Os homens do início do século 20 também tinham muito medo das mulheres. Não só o medo ancestral de serem surpreendidos por atitudes femininas que subvertessem ordens, comandos e hierarquias. Os coronéis, donos de currais e ditadores provinciais também temiam o dia em que as mulheres pudessem votar.
Era ameaçador o cenário imaginado com os efeitos do voto feminino na imperfeita democracia de mil novecentos e pouco. Pois os homens que ainda temem as mulheres, neste início de século 21, poderiam tentar entender suas inseguranças numa conversa com a cientista política Cristina Buarque de Hollanda.
Cristina é a organizadora de Joaquim Francisco de Assis Brasil: uma antologia política (Editora 7 Letras). Ela estará às 19h deste domingo, na Sala Leste do Santander Cultural, na Praça da Alfândega, para falar do gaúcho do castelo de Pedras Altas. Depois da conversa, às 20h, autografa na praça o livro com discursos e conferências do político.
Homens inseguros deveriam aprender com o liberal que viveu há tanto tempo (1857-1938). O fazendeiro, deputado, diplomata e escritor Assis Brasil ficaria constrangido ao saber que homens maduros, bem formados, seguros de si, foram abalados pelo "exame feminista" do Enem deste ano. Pela frase de Simone de Beauvoir que caiu na prova ("Ninguém nasce mulher, torna-se mulher"). E por outras questões relacionadas com a violência contra a mulher.
Assis Brasil foi o autor do primeiro gesto que assegura em lei um direito fundamental às mulheres. Escolhido por Getúlio Vargas para liderar a comissão encarregada de elaborar o novo Código Eleitoral, ele determinou, já no artigo segundo, que o eleitor é "o cidadão maior de 21 anos, sem distinção de sexo". Isso em 1932. Quatro anos antes, havia criado o Partido Libertador.
Homens temerosos com uma frase que Simone de Beauvoir escreveu em 1949 envergonham a memória de uma das nossas mentes mais brilhantes. O que eles temem hoje, que Assis Brasil, aos 75 anos, não temia em 1932?

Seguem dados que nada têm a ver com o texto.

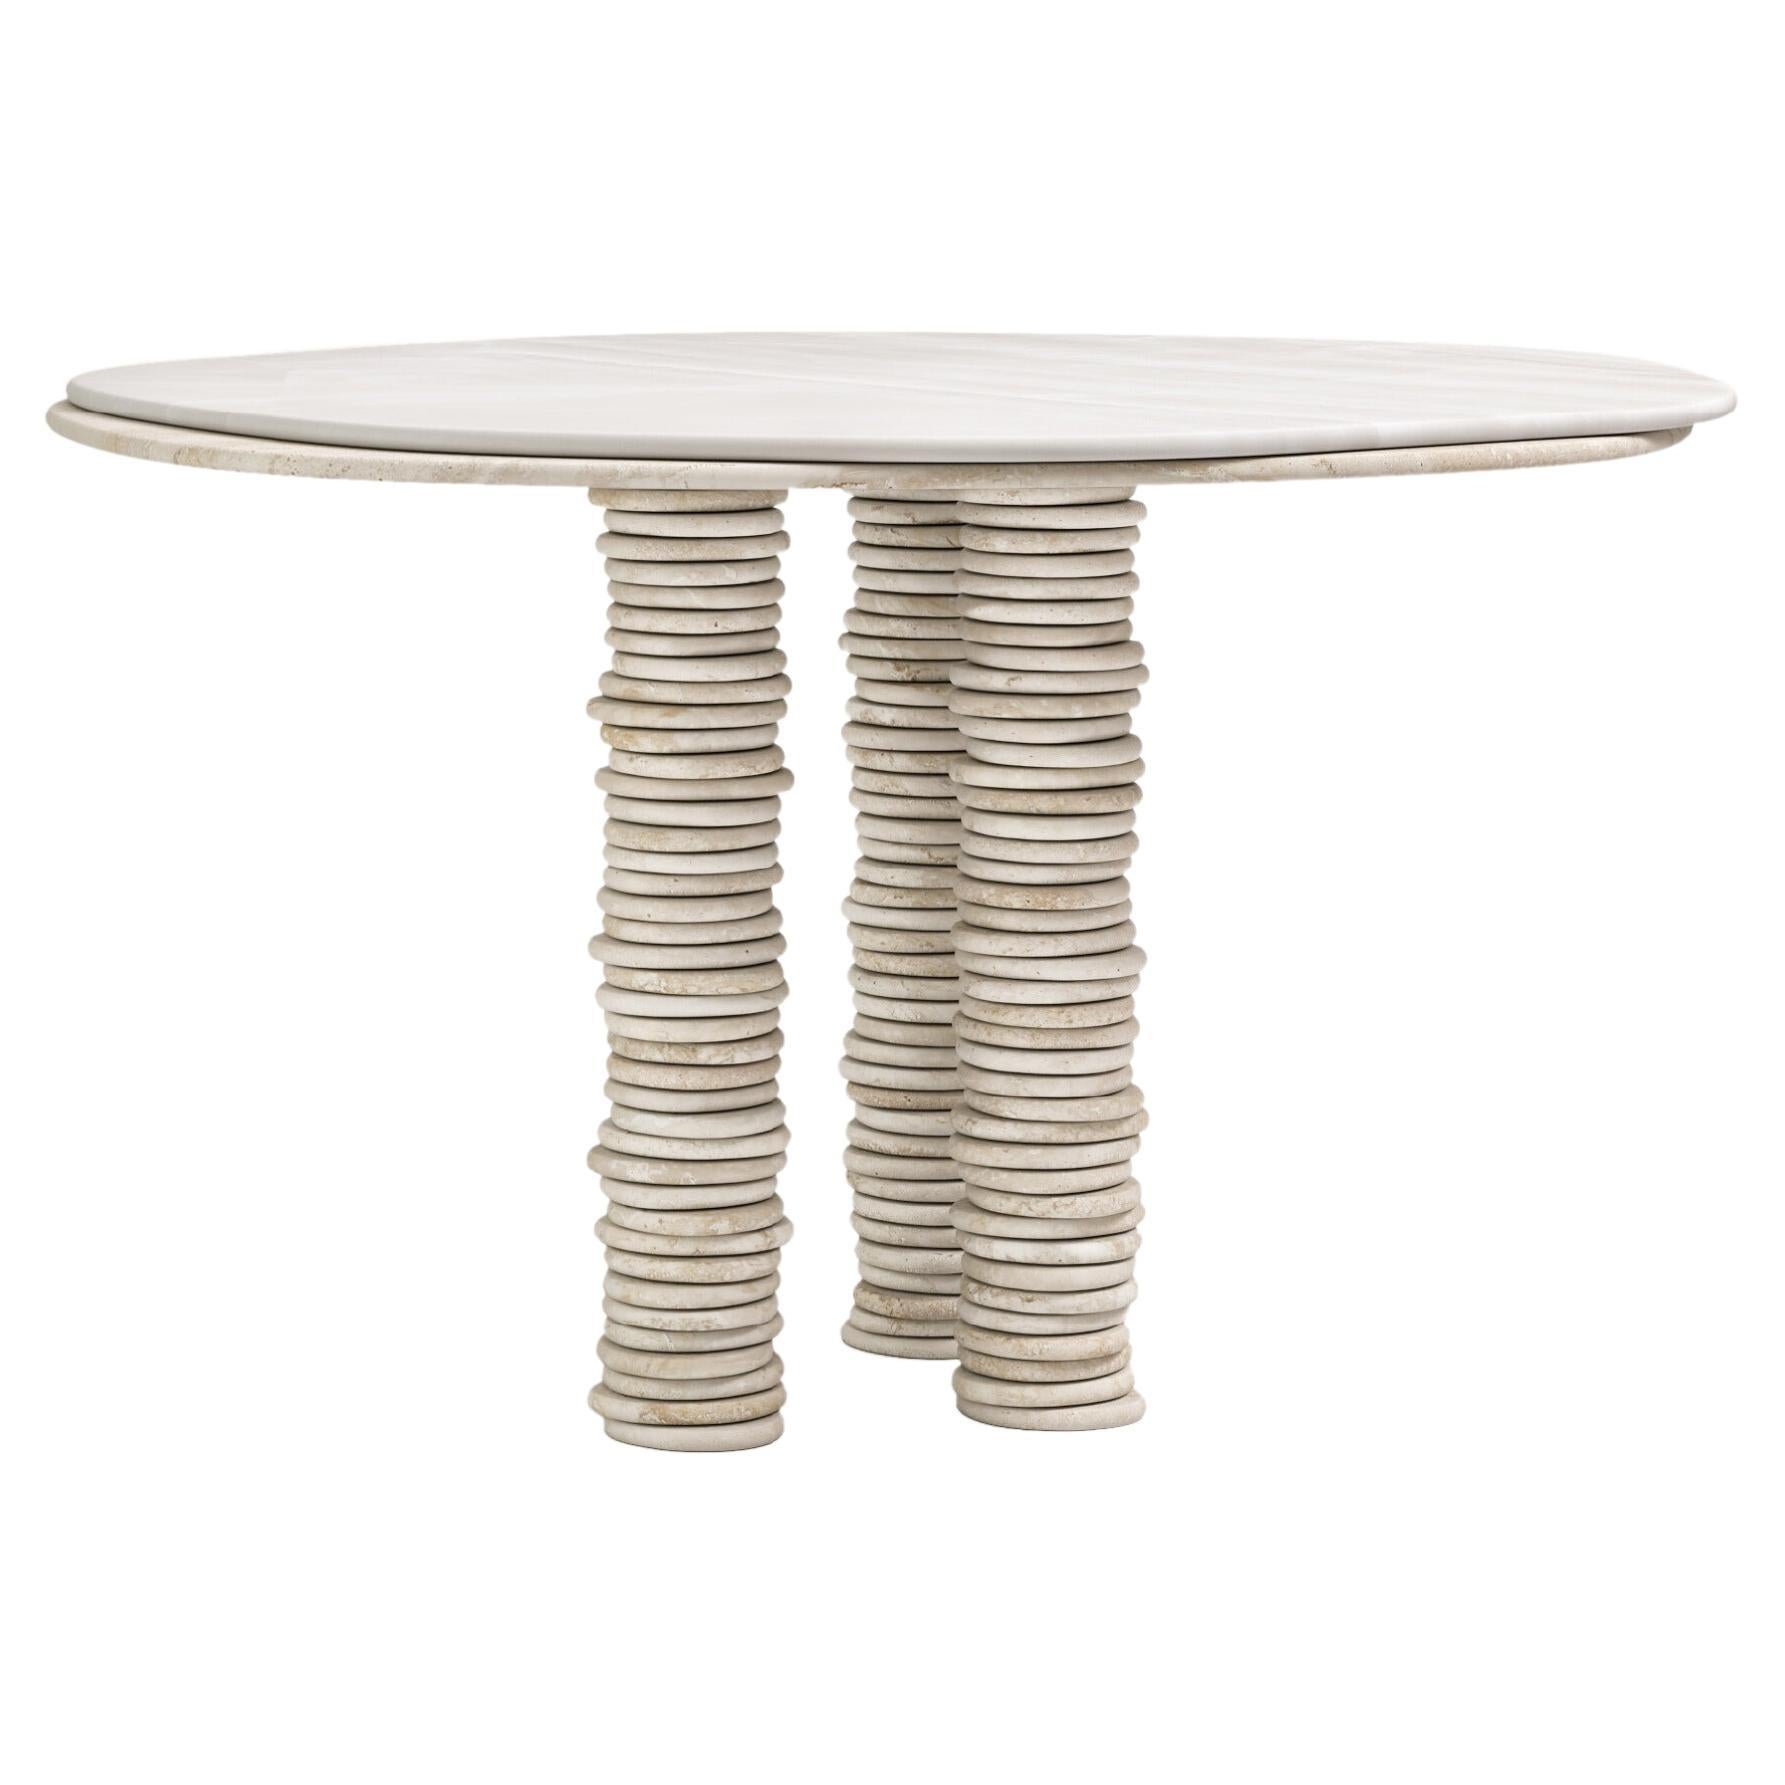 FORM(LA) Onda Round Dining Table 60”L x 60”W x 29”H Onyx & Travertino Navona VC For Sale

Alguém vai dizer que o voto feminino foi um truque dele (e de Getúlio) para desmontar o esquema de dominação do coronelismo nos grotões de São Paulo e Minas. Que belo truque! Só que, desde 1917, Rio e São Paulo conviviam com as agitações promovidas pela professora Leolinda Daltro e pela bióloga Bertha Lutz.
O Código Eleitoral saído da pena de Assis Brasil formaliza o que elas já vinham defendendo com bravura. Leiam o que Cristina diz sobre ele:
- Assis Brasil garantiu, pela primeira vez, a cidadania política das mulheres.
Na juventude, o gaúcho chegou a ser contra o voto feminino. Mudou, na maturidade, para assegurar aqui um direito que francesas, belgas, suíças, italianas e gregas só teriam muito tempo depois.
Agora, imagine que os homens do século 21 possam ter medos que o nosso liberal libertador não tinha cem anos atrás. E nem é o medo do voto, mas de coisas que nem eles sabem dizer direito. Que trajetória errática os machos percorreram, de lá até aqui, a ponto de temerem tanto as mulheres?
Inseguros, apareçam na palestra de Cristina Buarque de Hollanda. Escutem pela voz dessa carioca, prima de Chico, o que o Código de 1932 significa. Procurem conforto na fala de quem estudou a obra do bigodudo de São Gabriel. Este, sim, foi um belo exemplar do macho gaúcho.